I finally found the fog machine under a curtain and turned it off.
I’ve experienced few moments more lonely than on that Friday afternoon, in that empty gym, littered with the detritus of a play gone bad. As far as the eye could see, thrown as if by a tornado, were hats, shirts, aprons, vests, skirts, and fish costumes. Mustaches like little black caterpillars were stuck everywhere. I just stood there for quite awhile and took it all in: the costumes, the deserted bleachers, the curtains splayed out on the floor, and all the fog smoke floating innocuously near the ceiling. A janitor came in, looked at the disheveled gym, glanced at me, and left. I mechanically started throwing the costumes into bags.
Within a week, the school forwarded two boxes of costumes that were discovered, as well as several letters from upset parents. They complained about the duration of the play, the sticky mustaches, the “burning” children, the breakdancing, the violence, and the play’s inconsistency with the Biblical age of the earth.
I had written the teachers and thanked them for all their help and support. They reported back that the play was “memorable,” and that it was “all the kids could talk about.”

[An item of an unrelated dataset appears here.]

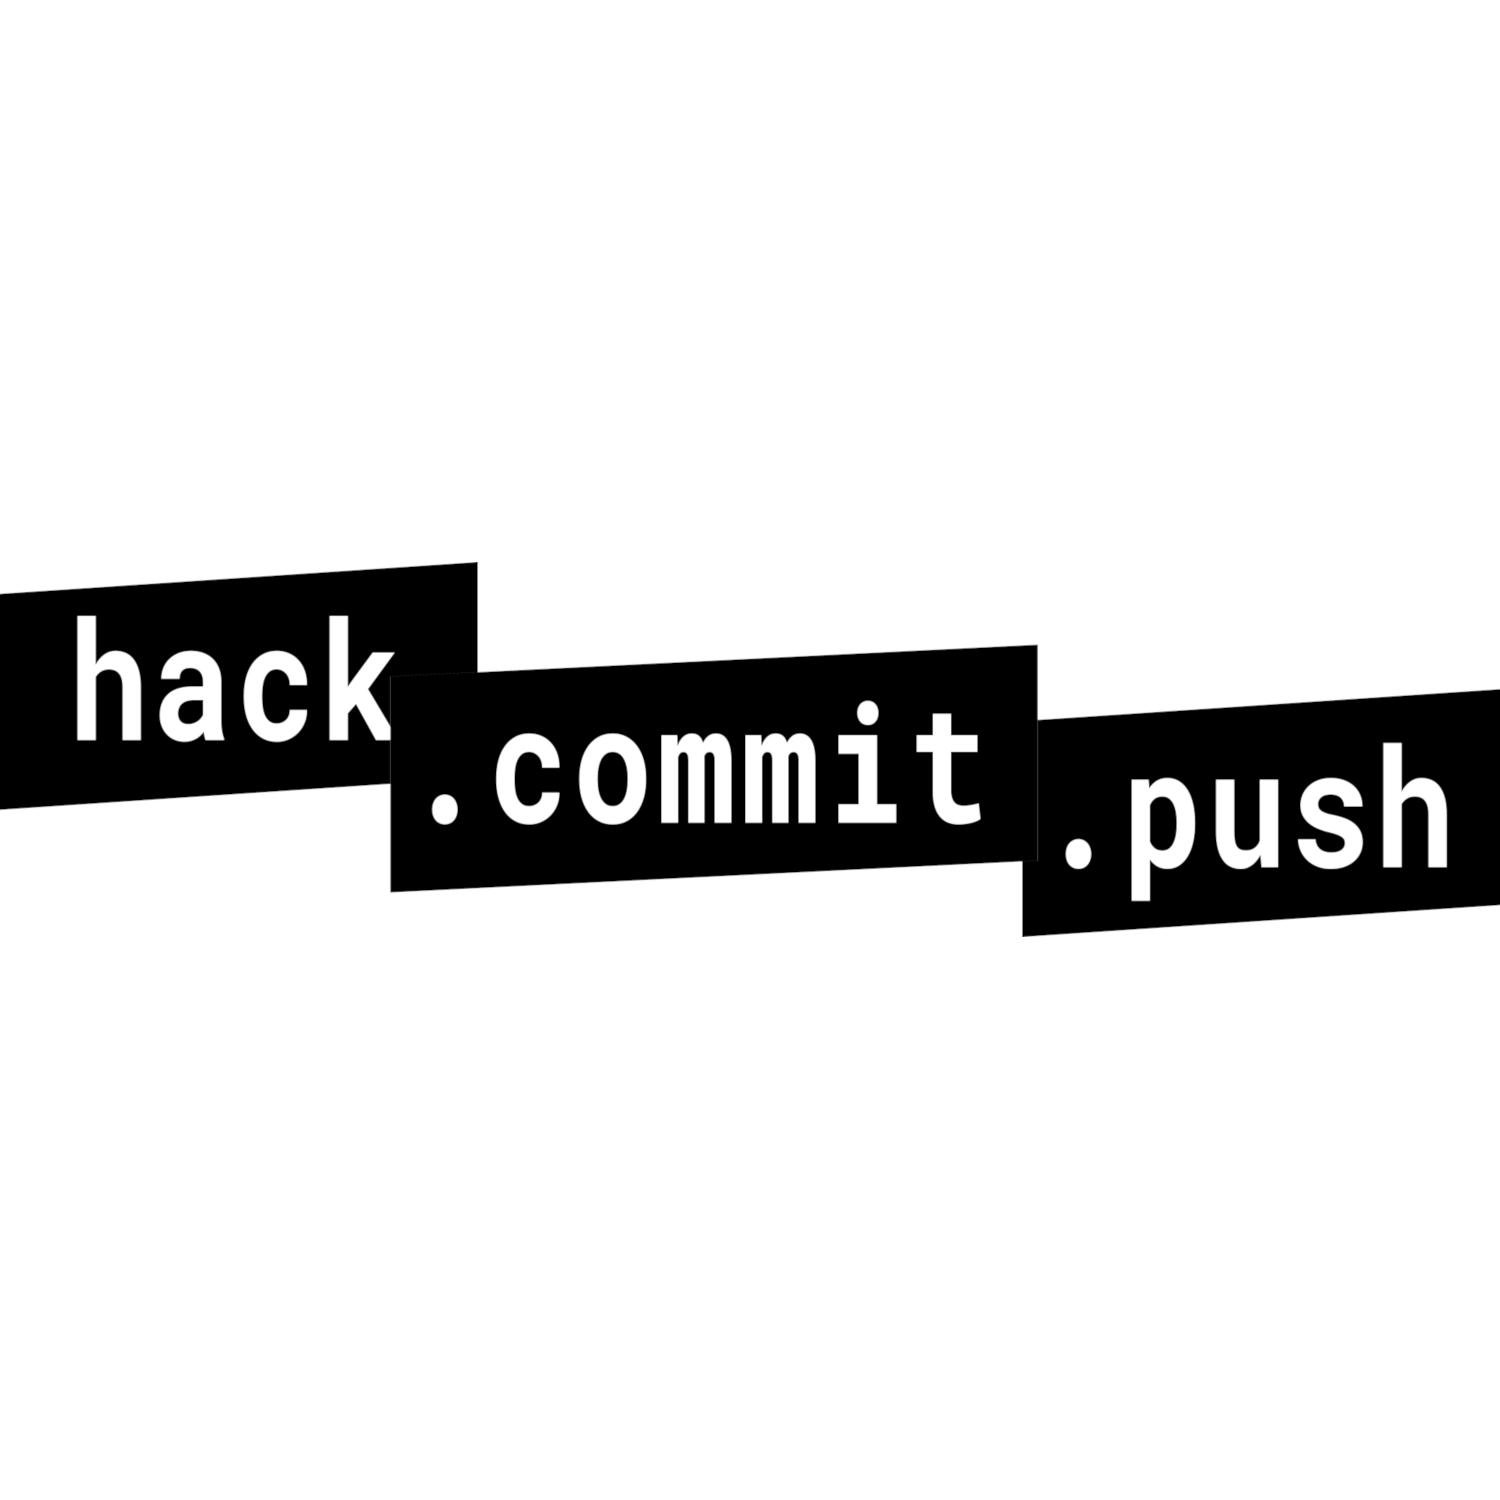 hack.commit.push

I have now been presenting my Great State History Play for over 30 years—more than 500 productions involving tens of thousands of children in schools throughout Iowa, Nebraska, and Illinois. Of course, it’s not the same play. I chose the four most dynamic scenes and cut the other eight. The residency was shortened from five days to one, and I use only the grade studying their state’s history. I sold the fog machine.
These days, it’s not uncommon for parents to come up to me after their child’s performance and describe the role that they had in my play—20 years earlier. I look back with gratitude and humility at the history that the history play itself has created, and recall, with a shiver, the fiasco that started it all.